▶ **Supplied material**:
------------------------------------

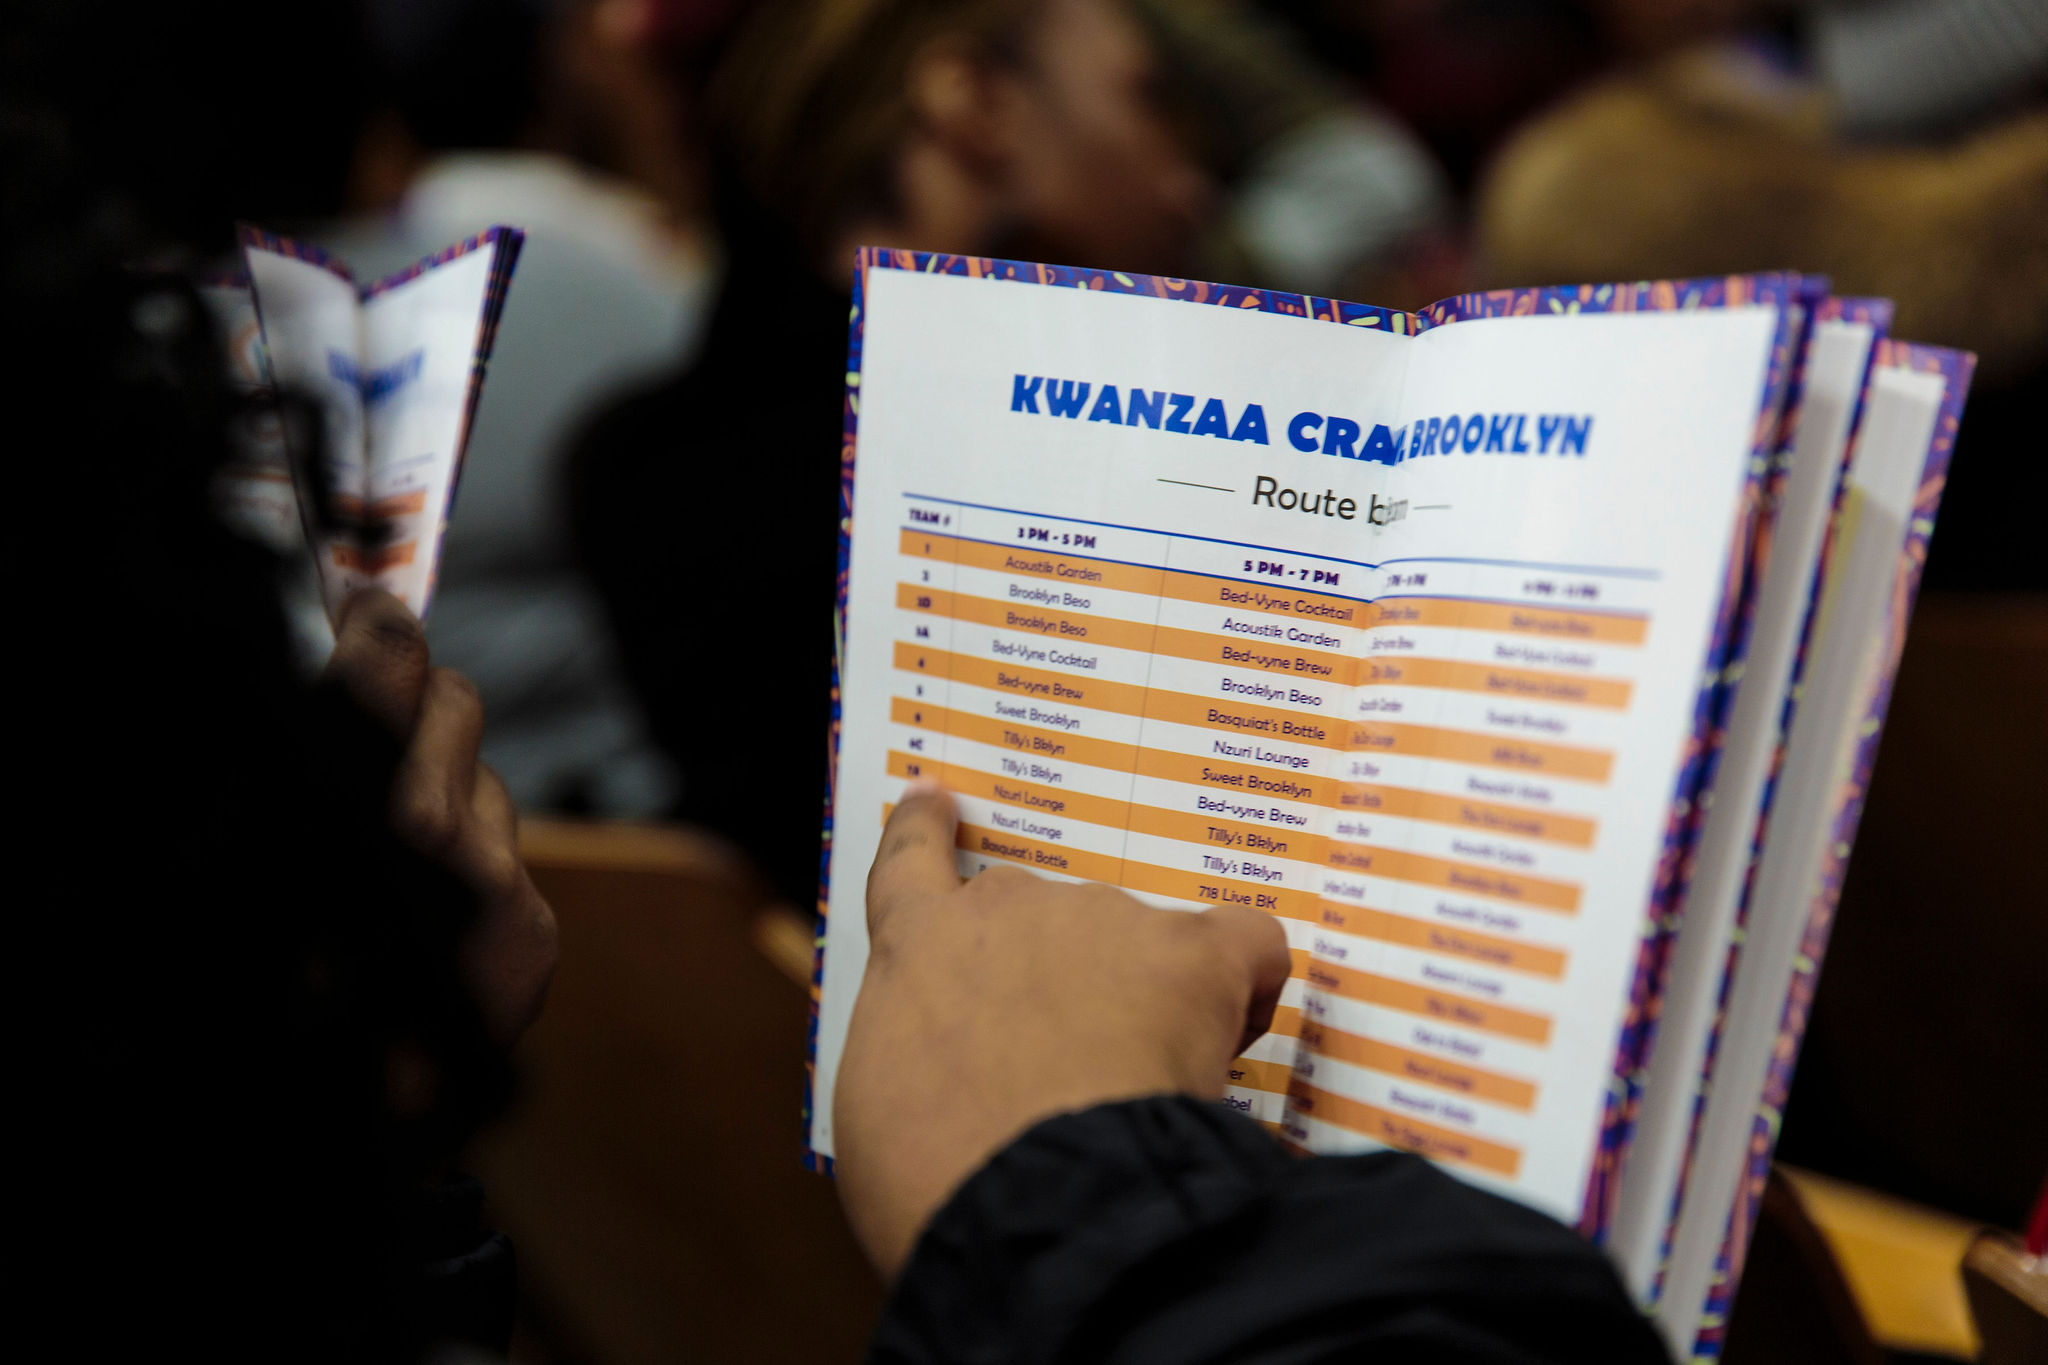 kolinmendezphoto-kwanzaa-crawl-bknyc-2018.12.26-35-9246.jpg
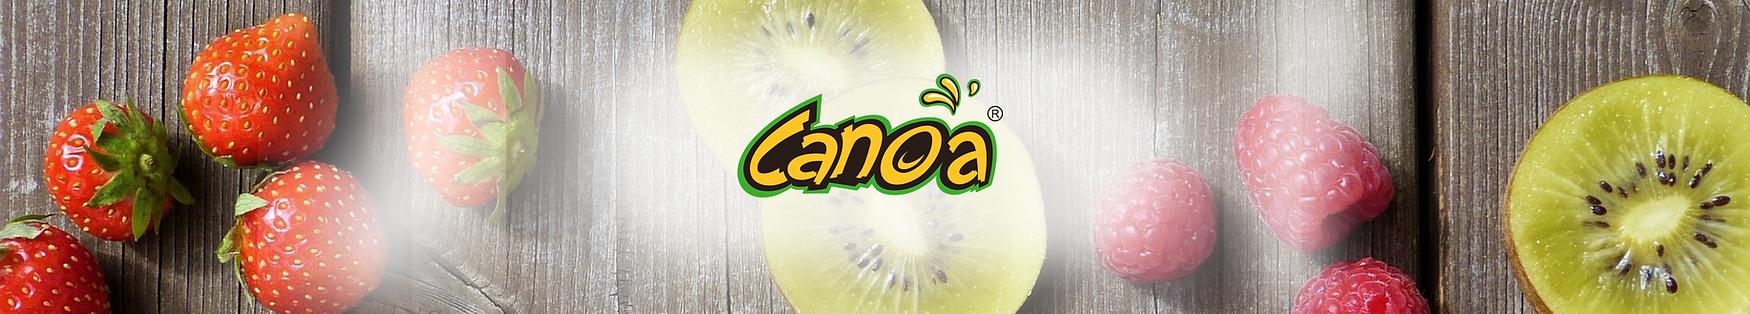 CANOA - PG WEB2-01.png
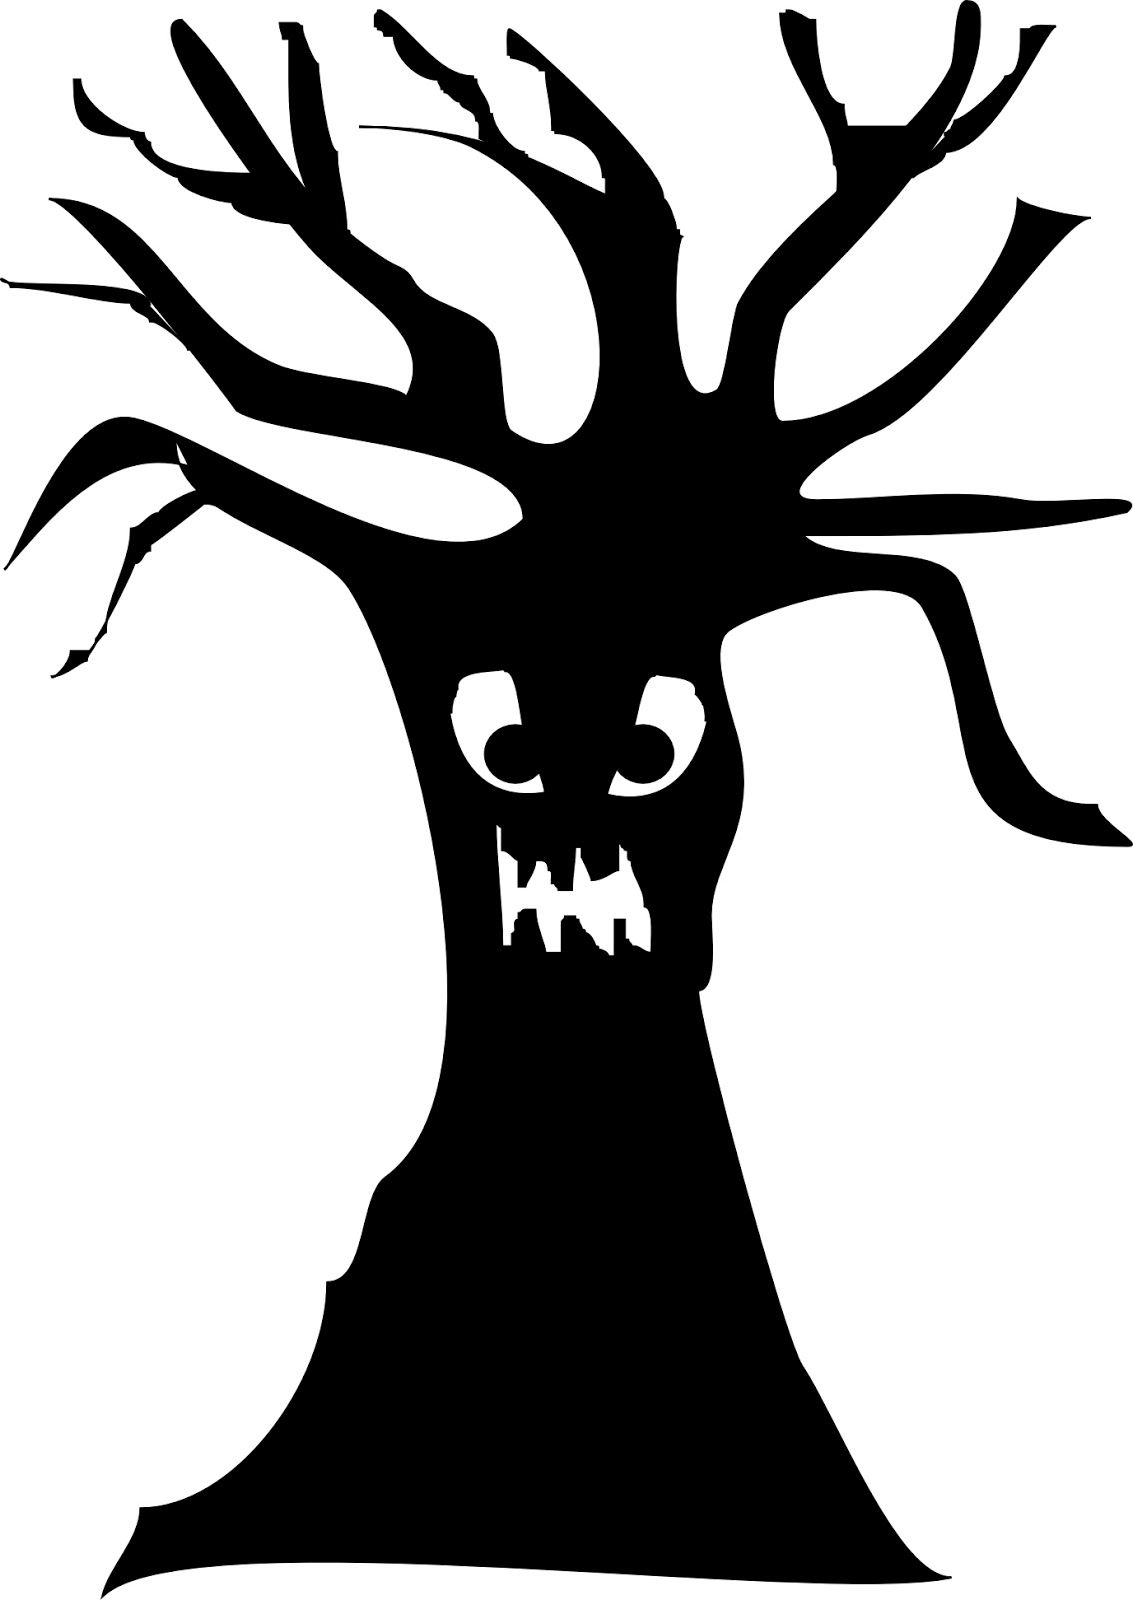 spooky tree silhouette google search halloween decorations rh pinterest com Halloween Tree Clip Art Creepy Tree Clip Art

------------------------------------

▶ **Assignment**: Once the pictures are removed, copy the material above exactly.

▶ **Response to the task**:
 kolinmendezphoto-kwanzaa-crawl-bknyc-2018.12.26-35-9246.jpg
 CANOA - PG WEB2-01.png
 spooky tree silhouette google search halloween decorations rh pinterest com Halloween Tree Clip Art Creepy Tree Clip Art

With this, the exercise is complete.